In the short time since its unveiling after secret negotiations, the so-called Inflation Reduction Act (IRA) has earned cheers, jeers, and everything in between from the economics community. Supporters tout an open letter to lawmakers from 126 economists, while more recently opponents fired back with a letter of their own – from more than 230 economists. The latter group noted that the IRA “would create immediate inflationary pressures by boosting demand, while the supply-side tax hikes would constrain supply by discouraging investment and draining the private sector of much-needed resources.”
For their part, institutions ranging from the Congressional Budget Office to the Penn Wharton Budget Model have modeled the impacts of the IRA and determined it will have a minimal impact on inflation, despite the legislation’s clever name.
Yet policymakers would do well to remember one particular aspect of the IRA that has long drawn concern from economists: government imposed price controls, in this case on prescription drugs.
Borrowing from previous schemes authored by congressional Democrats, the IRA mandates that Medicare begin “negotiations” in 2026 with pharmaceutical manufacturers to lower the price of top prescription drugs. Private sector providers who refuse to submit to the government’s price edicts would eventually face a 95 percent excise tax on their products. Manufacturers would also be penalized for raising prices faster than inflation, and be required to provide “rebates” (forced payments) to the government.
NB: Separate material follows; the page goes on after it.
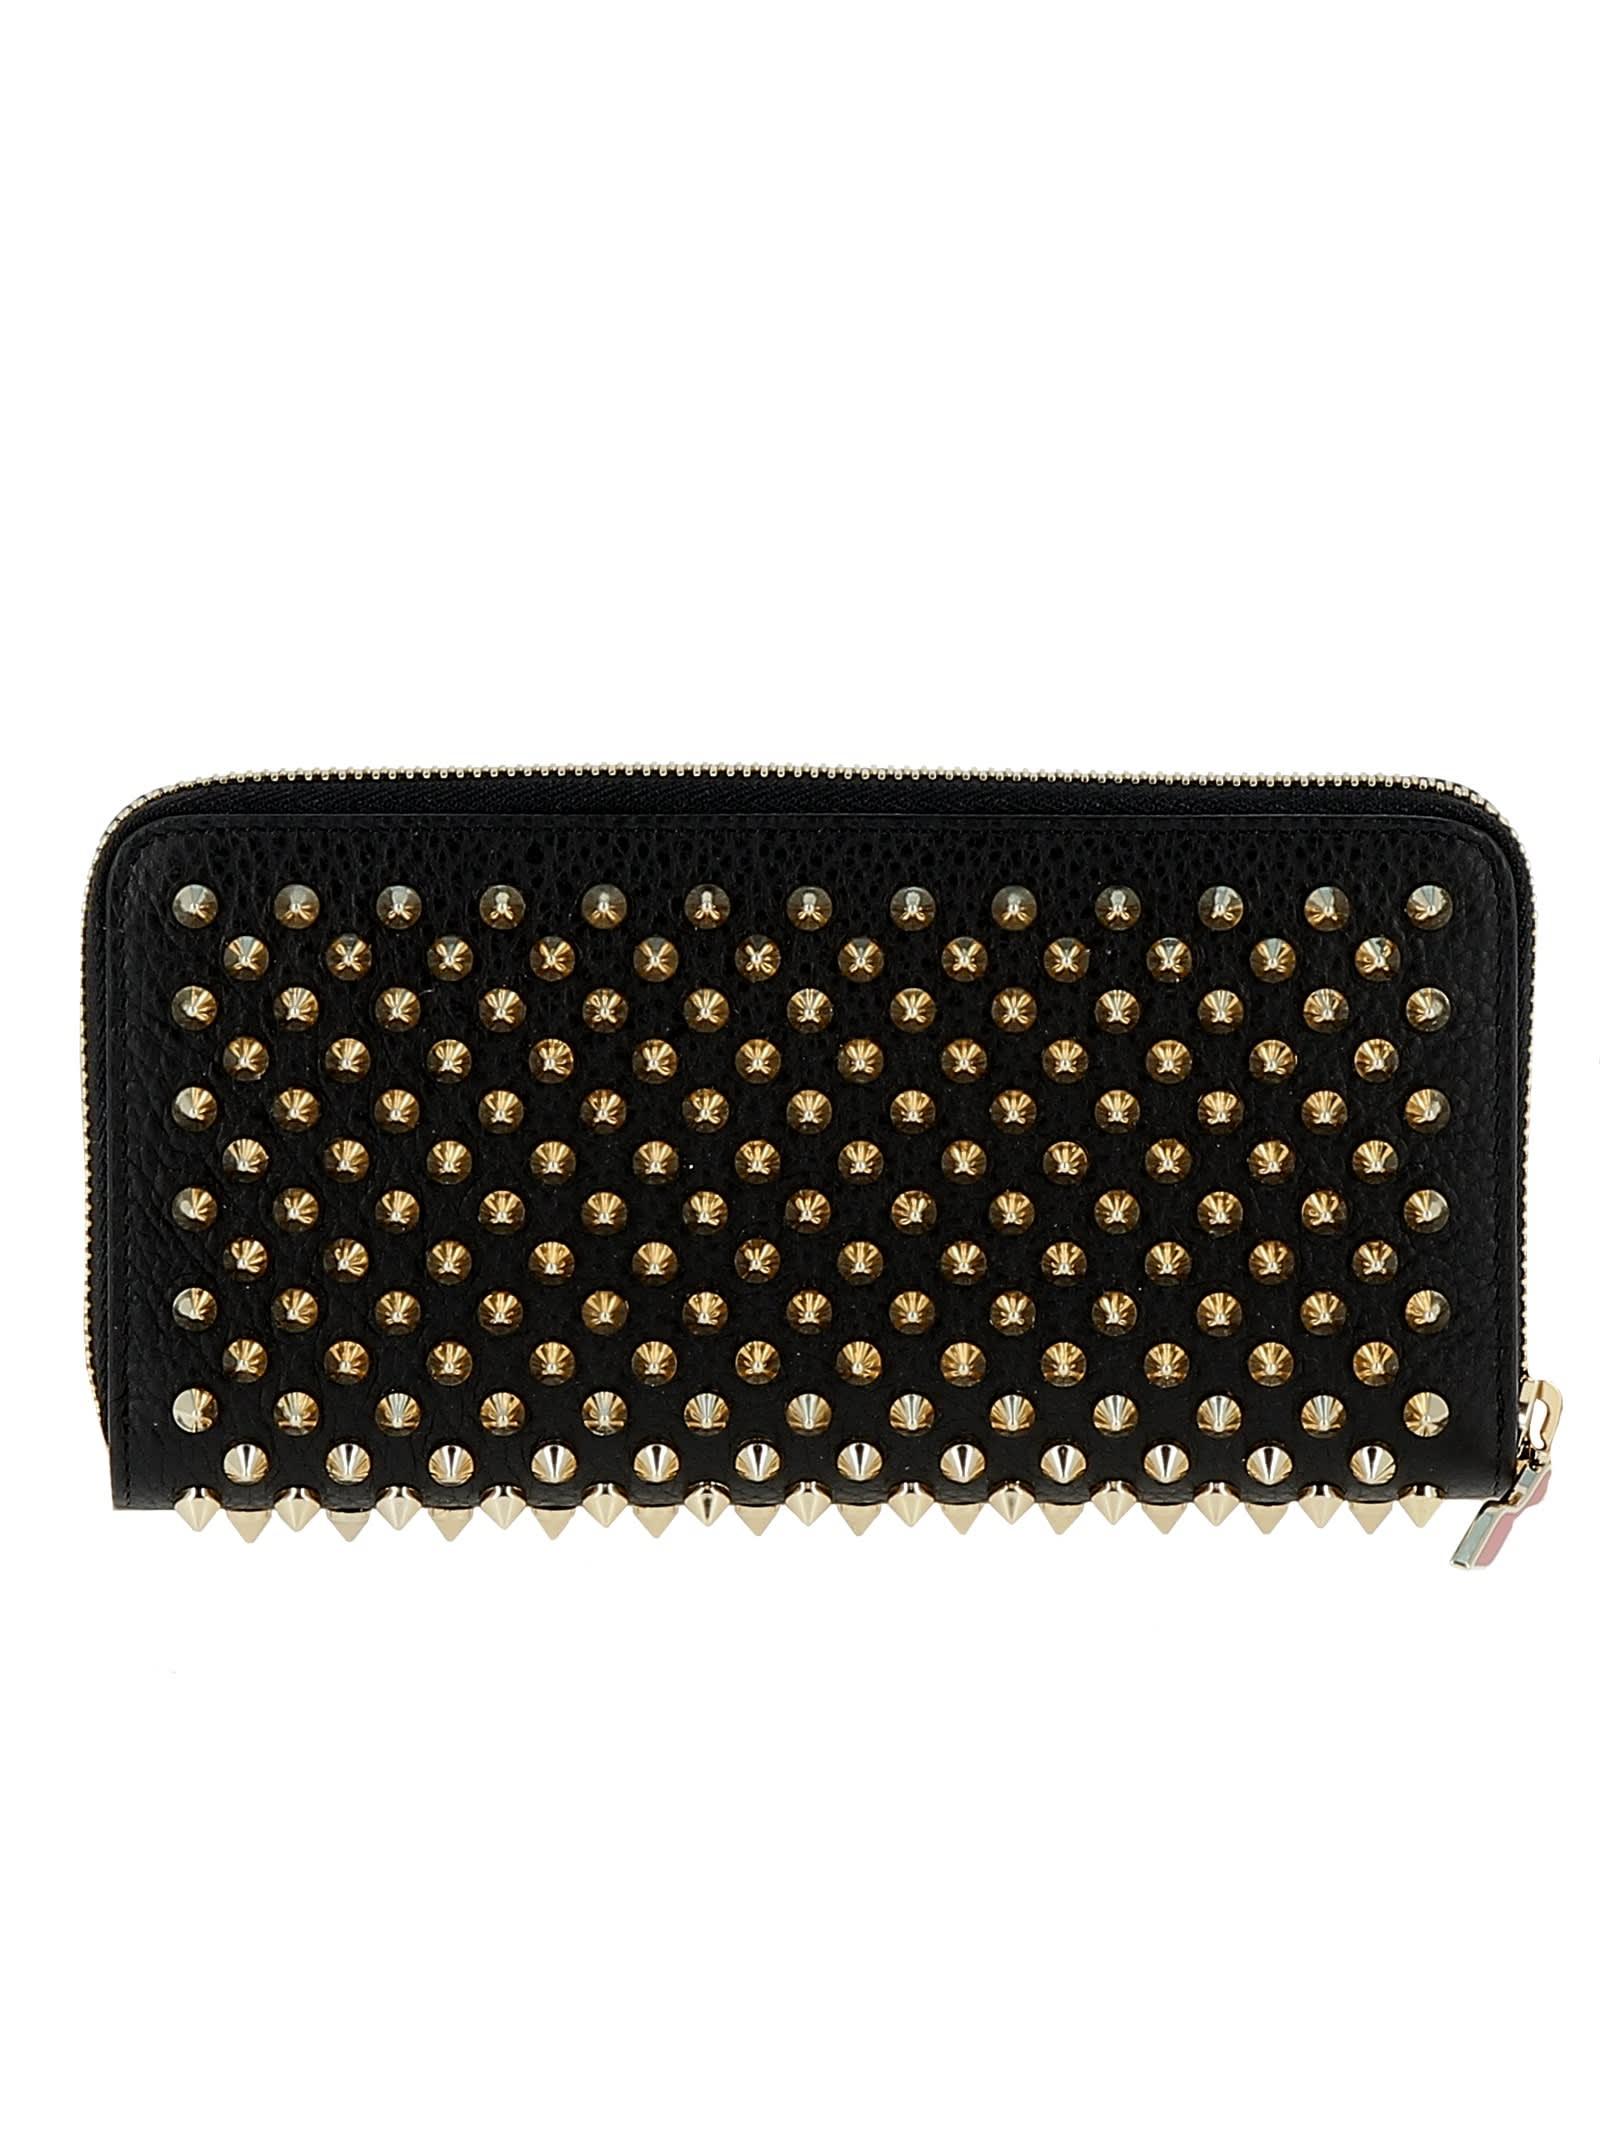 best website 18ab0 4fde5 Christian Louboutin Black/gold Leather Wallet

This one part of the bill, if allowed to stand, could have pernicious effects on patients and taxpayers for years, even decades, to come. Taxpayers often benefit from the development of breakthrough drugs because they reduce more expensive therapies – such as surgeries and long hospital stays – whose financial burdens government health programs would otherwise carry.
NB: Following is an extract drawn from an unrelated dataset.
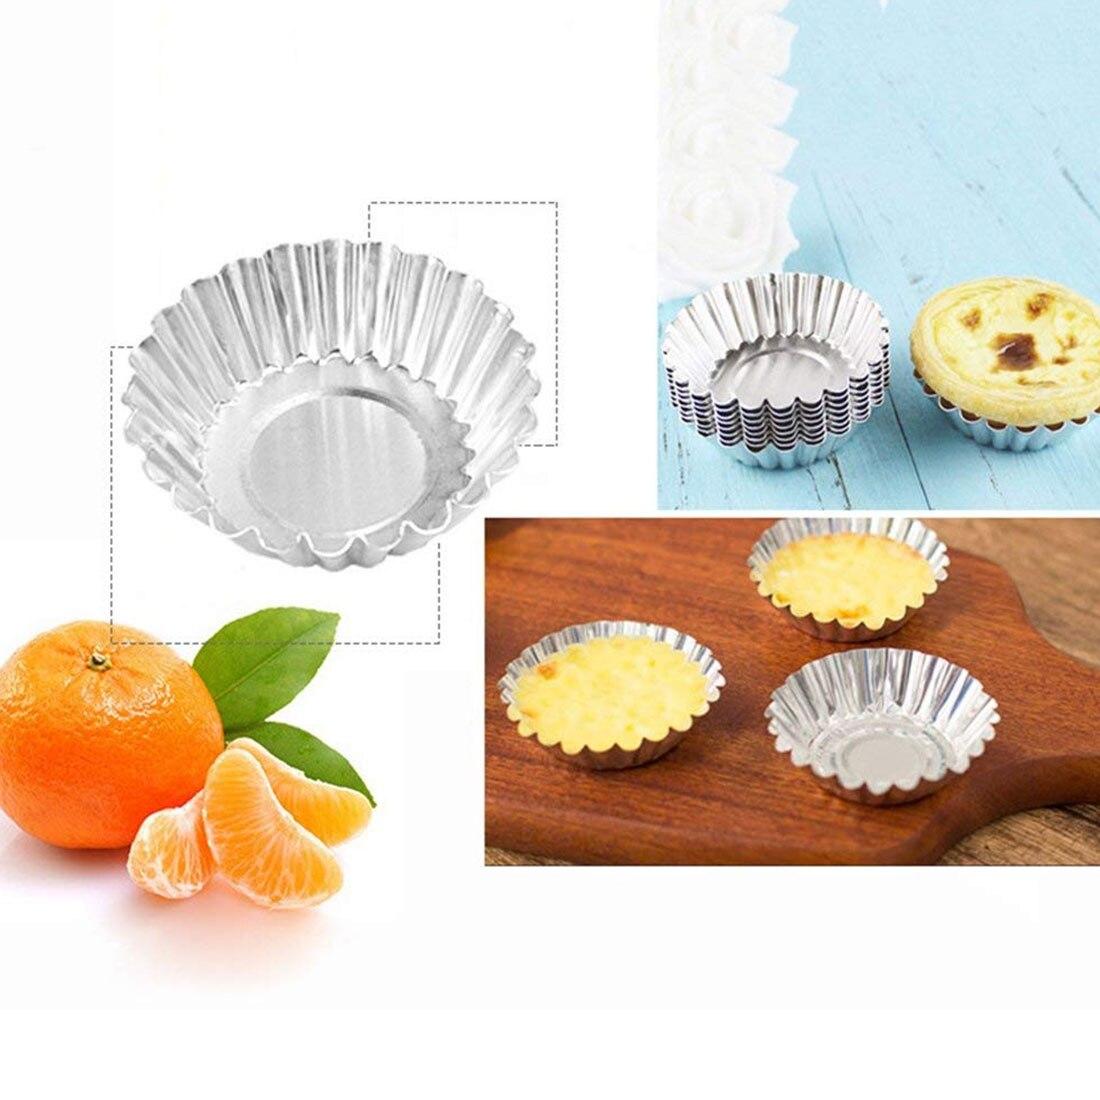 10pcs/lot Egg Tart Mold Cake Aluminium Alloy Mould Baking Tool Cupcake Fruit 70mm Diameter

More fundamentally, however, economists of many ideologies have long observed the fact that when the state imposes an artificial price control on a good or service, scarcity and other adverse conditions are often the result. In 2018, NTU led an open letter to public officials signed by more than 150 economists warning of this problem when the Trump Administration was considering an executive order incorporating a foreign price index for certain physician administered drugs under Medicare Part B. While this proposal differed in many respects from the IRA’s provisions, the operational concept – a top-down attempt by government to put a lid on prices – is the same. Thus, the economists’ admonition then is just as relevant now:
“History has shown that price controls on any commodity produce unintended but consistently detrimental effects. … [P]rice controls can lead to a reduction in patient access to certain drugs, less investment in the research and development of new drugs, and cost-shifting that raises the prices of other therapeutics. Ultimately, patients will suffer as cures are delayed or entirely undeveloped, while taxpayers will be denied potential savings from drugs that could obviate more expensive treatments in government healthcare programs, and the investment of capital in development of new medicines.”
The Congressional Budget Office has just today identified another impact from the IRA that seems counterintuitive but shouldn’t: higher launch prices for new drugs. The agency noted, quite logically, that under the inflation penalty, “manufacturers would have an incentive to launch new drugs at a higher price to offset slower growth in prices over time.” Based on an analysis last year that NTU covered in-depth, CBO would also likely agree about the adverse impact the IRA would have on the frequency and development timeline of those newly launched drugs.
NTU has identified many better ways to address health care system reform and the role of prescription drugs than IRA’s price controls. Time is running short for Congress to heed the advice of economists – not to mention the concerns of taxpayers and patients – about how this legislation will upset a pharmaceutical care system that balances accessibility and affordability so elegantly.